The L2ARC’s job is, essentially, to play cleanup behind the ARC. There is a non-zero chance that blocks recently evicted from ARC will be in the L2ARC, in which case you can maybe pick up another few percent of total cache hitrate by leveraging L2ARC. But you’re pretty much always going to be looking at ratios like >80% for ARC, <10% for L2ARC, at best.
I strongly recommend reading through the L2ARC explainer I wrote for Klara Systems, if you’ve still got questions: OpenZFS: All about the cache vdev or L2ARC | Klara Inc
hoping to get some benefit from reads
Reads are a bit of a complicated story under ZFS. Because it’s copy-on-write, ZFS generally greatly reduces effective fragmentation in most real-world workloads: odds are pretty good you’ll want to read things in roughly similar large groups to the way you wrote them, and since it’s copy-on-write, those groups get written mostly sequentially, which means fewer seeks when reading them back in a similar order.

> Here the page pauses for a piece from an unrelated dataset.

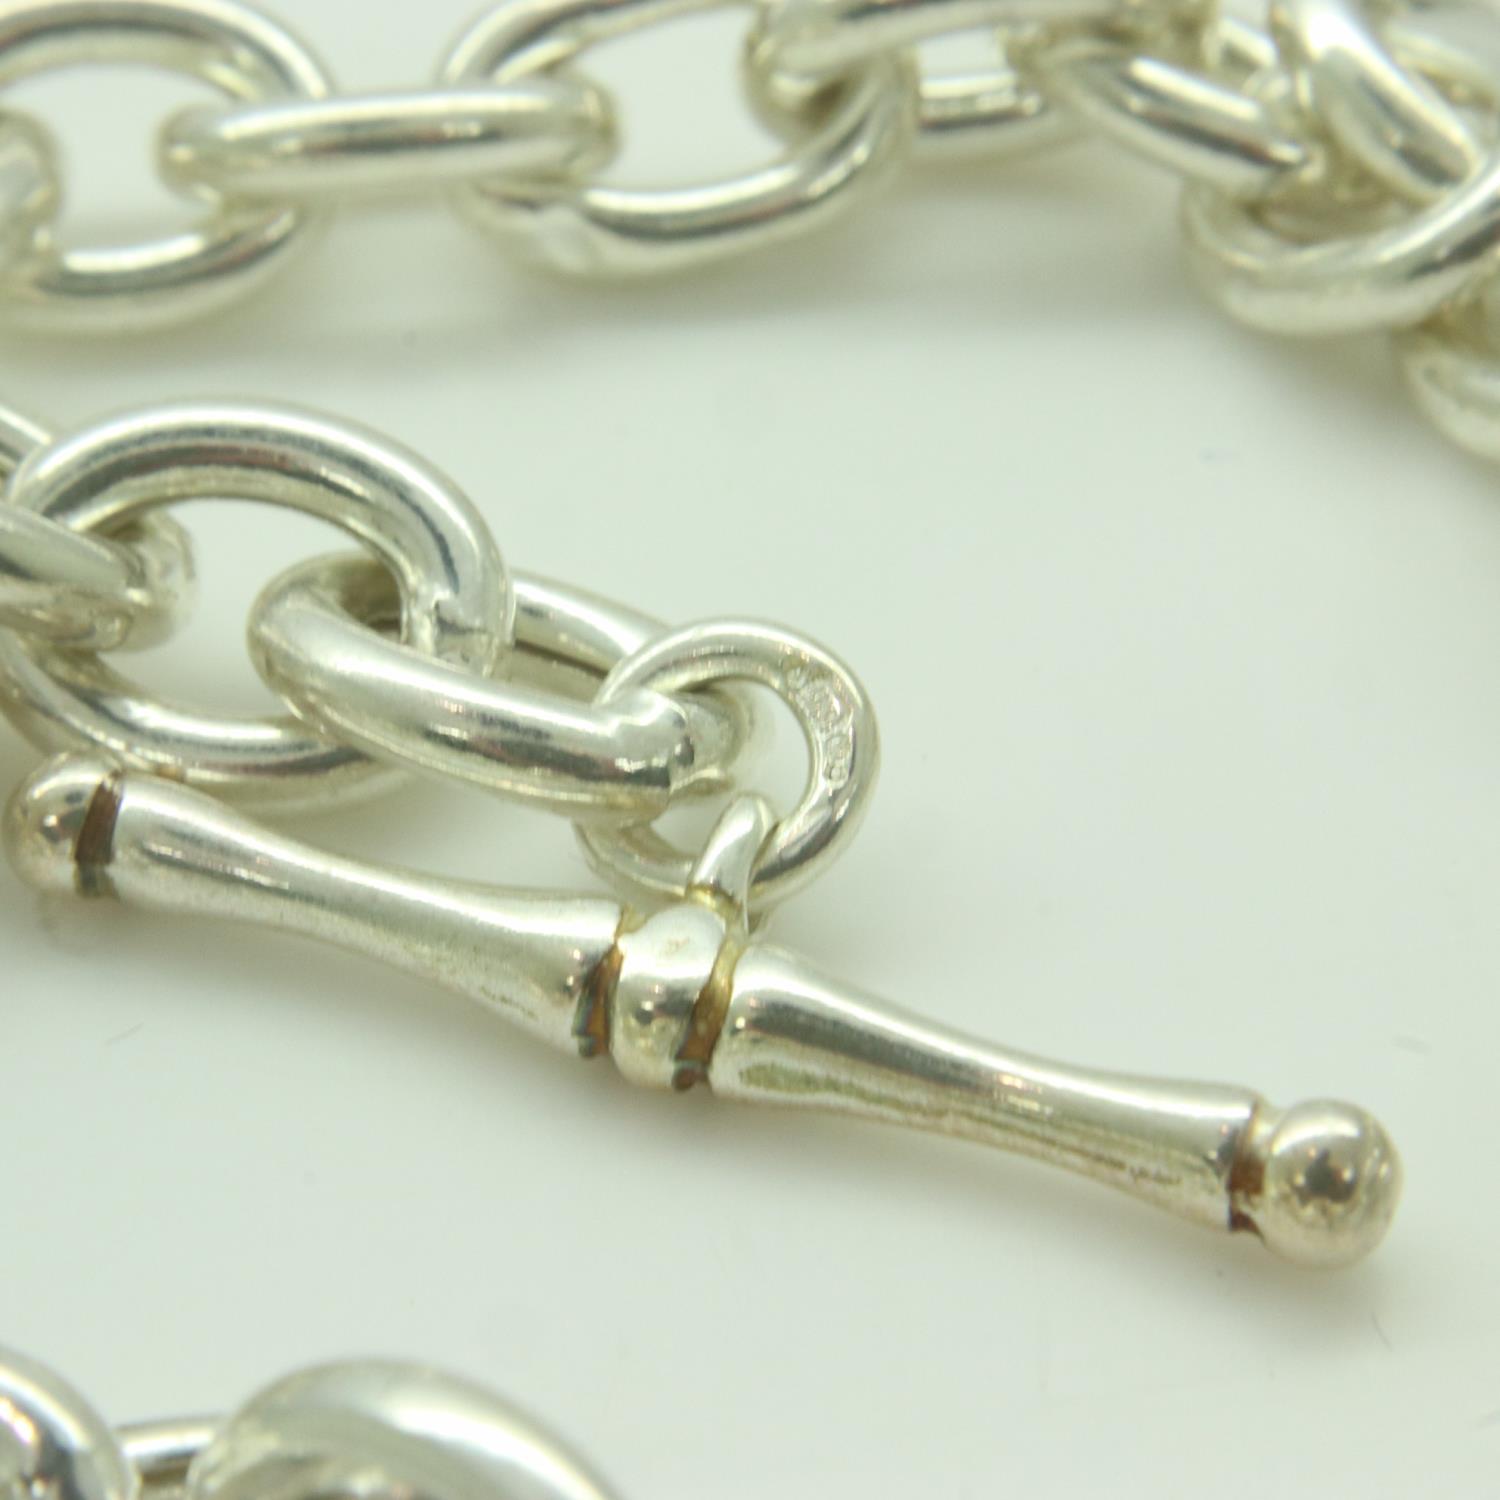 Silver T-bar necklace, L: 44 cm, 39g. UK P&P Group 0 (£6+VAT for the first lot and £1+VAT for - Image 2 of 2

fio isn’t a real-world workload; it’s an entirely randomized (assuming you’re using randrw, randread, and randwrite, which you should) workload which will tend to minimize the beneficial impact of copy-on-write data ordering significantly as opposed to real-world workloads, because there is essentially no chance the working set will be read back from disk in anything faintly like similar patterns as the way it was originally written.
So, when you’re using
fio, you’re not getting the typical real-world benefit out of either ARC or L2ARC, and also getting bitten much harder by seeks than you normally would. In the L2ARC’s case, that usually doesn’t matter much, because it’s such a niche utility vdev in real life also. In the ARC’s case, it can be pretty badly misleading, especially for non-database workloads. (But even databases will frequently tend to read rows in similar patterns as the way those rows were written, making even that heavily random-access workload benefit more from both copy-on-write and the ARC itself in the real world than in a fully-randomized synthetic test).
It gets even more complicated if you want to talk about read specifically in the context of RAIDz vs conventional RAID, but this is probably enough to chew on for the moment.